Copy the lines below, please, starting with the one that contains "funkrafts girls yellow" and ending with the last. Pictures stay out.
═══ SOURCE MATERIAL
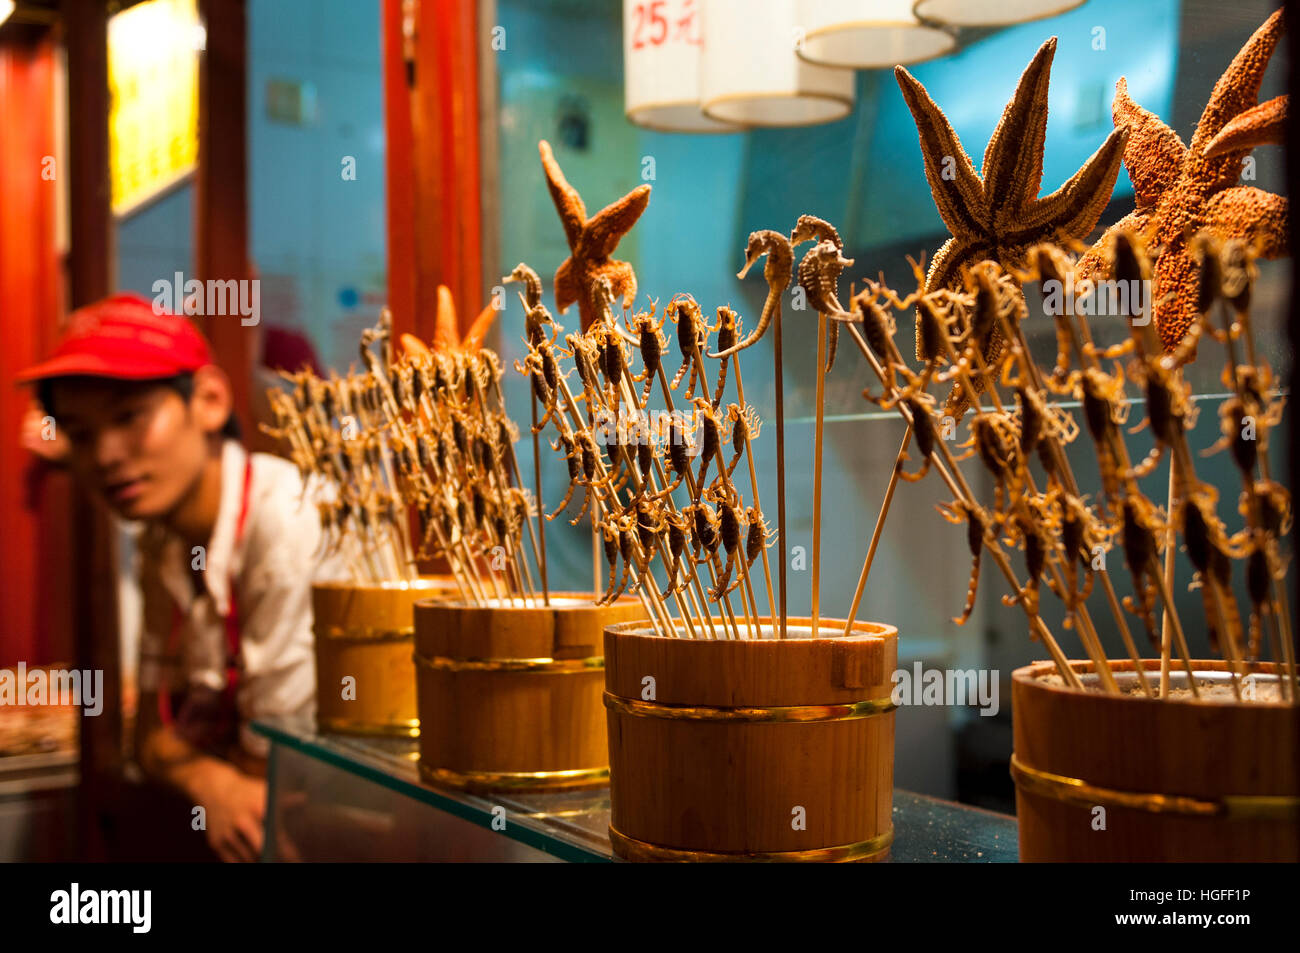 Escorpiones fritos, caballitos de mar y estrellas de mar se vende como comida en un puesto de comida en Pekín, China Foto de stock
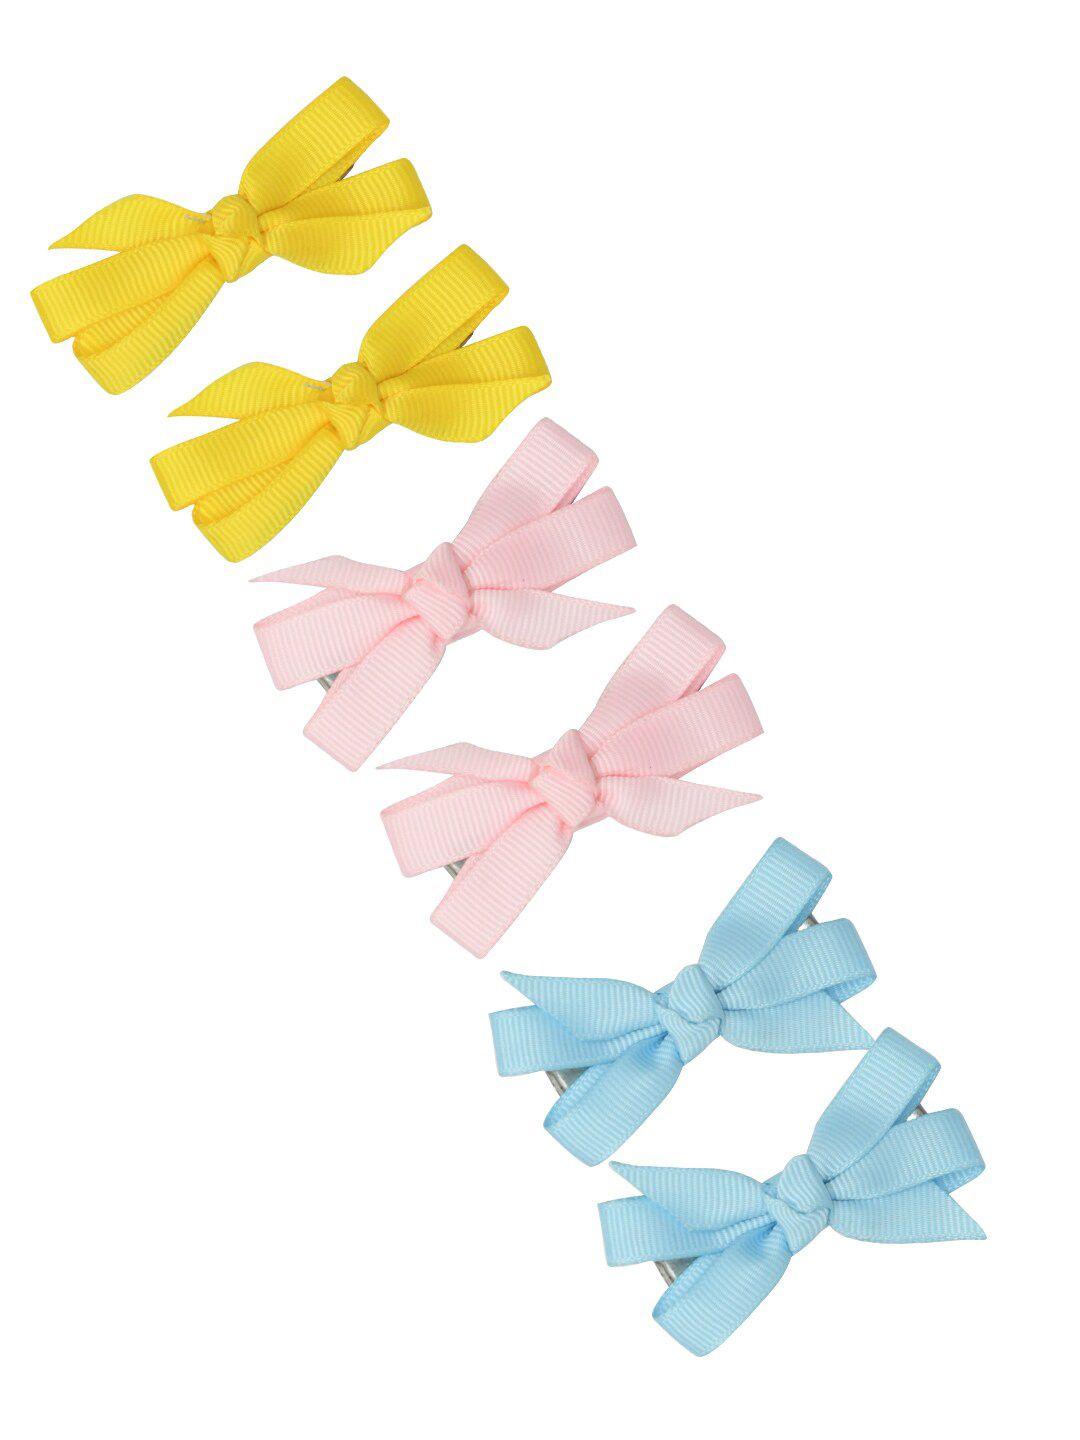 funkrafts girls yellow & pink set of 6 alligator hair clip
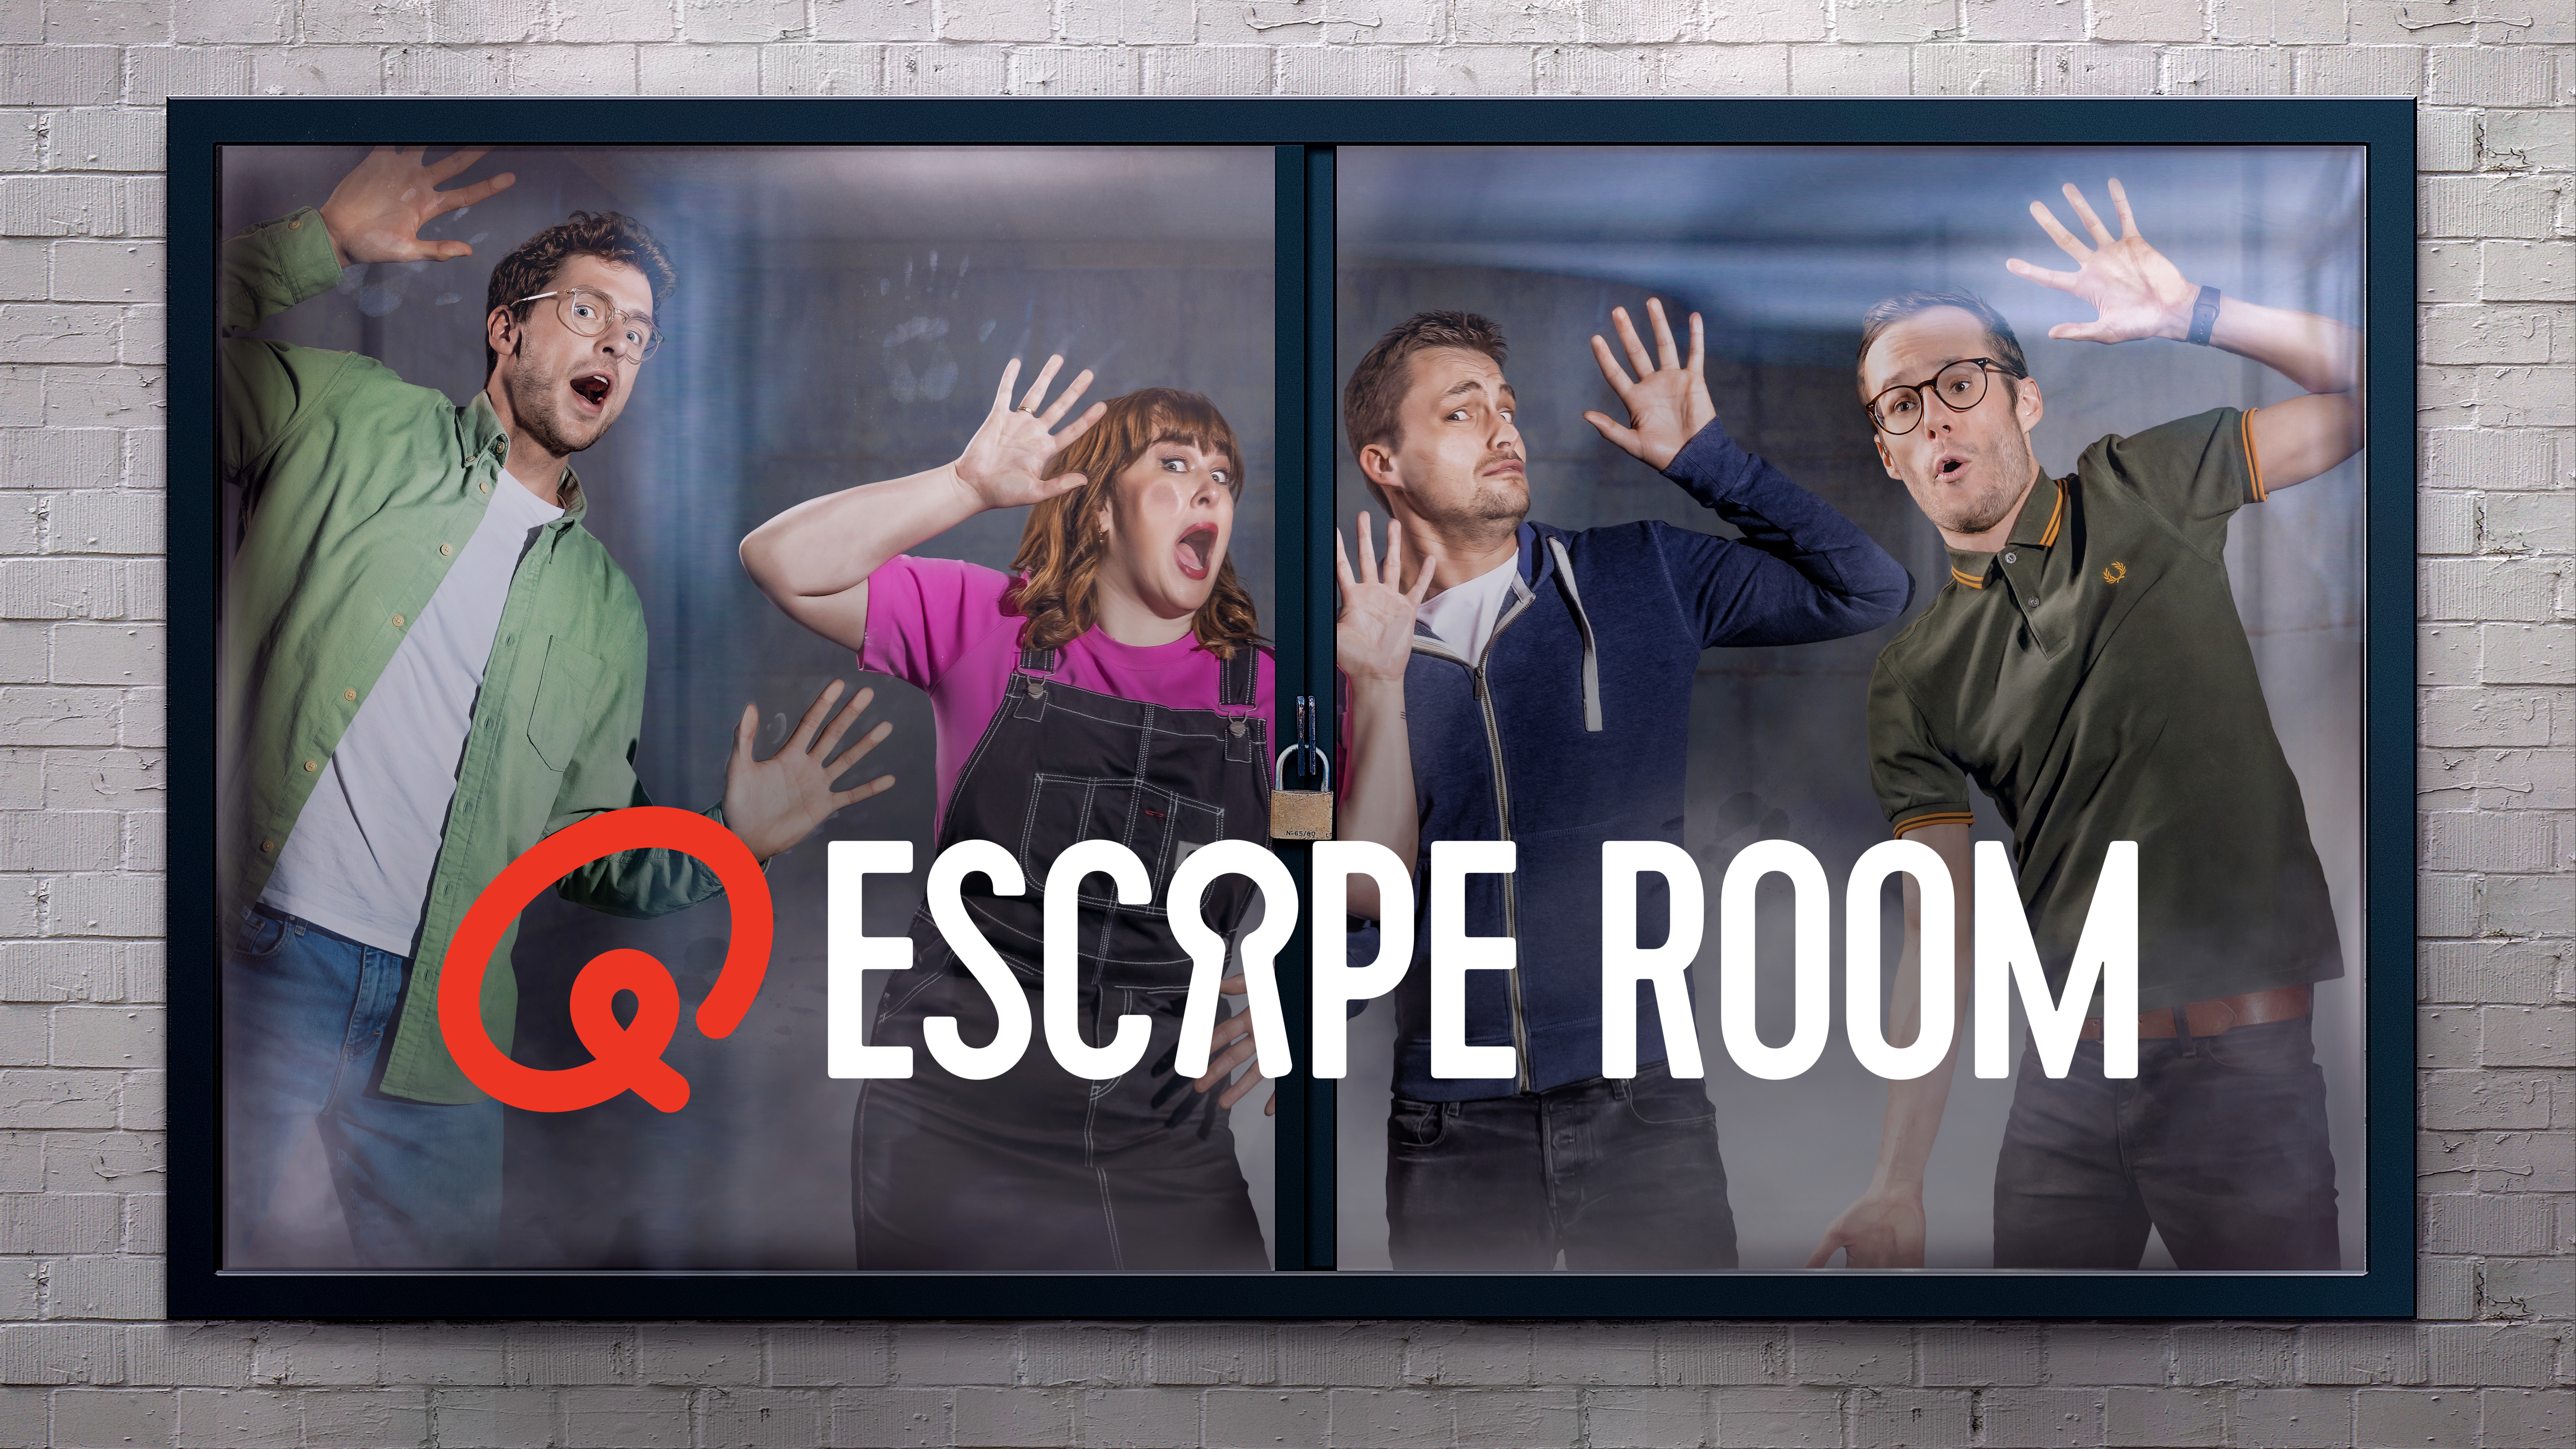 Q escaperoom copy1
══════
RESULT OF THIS EXERCISE —
 funkrafts girls yellow & pink set of 6 alligator hair clip
 Q escaperoom copy1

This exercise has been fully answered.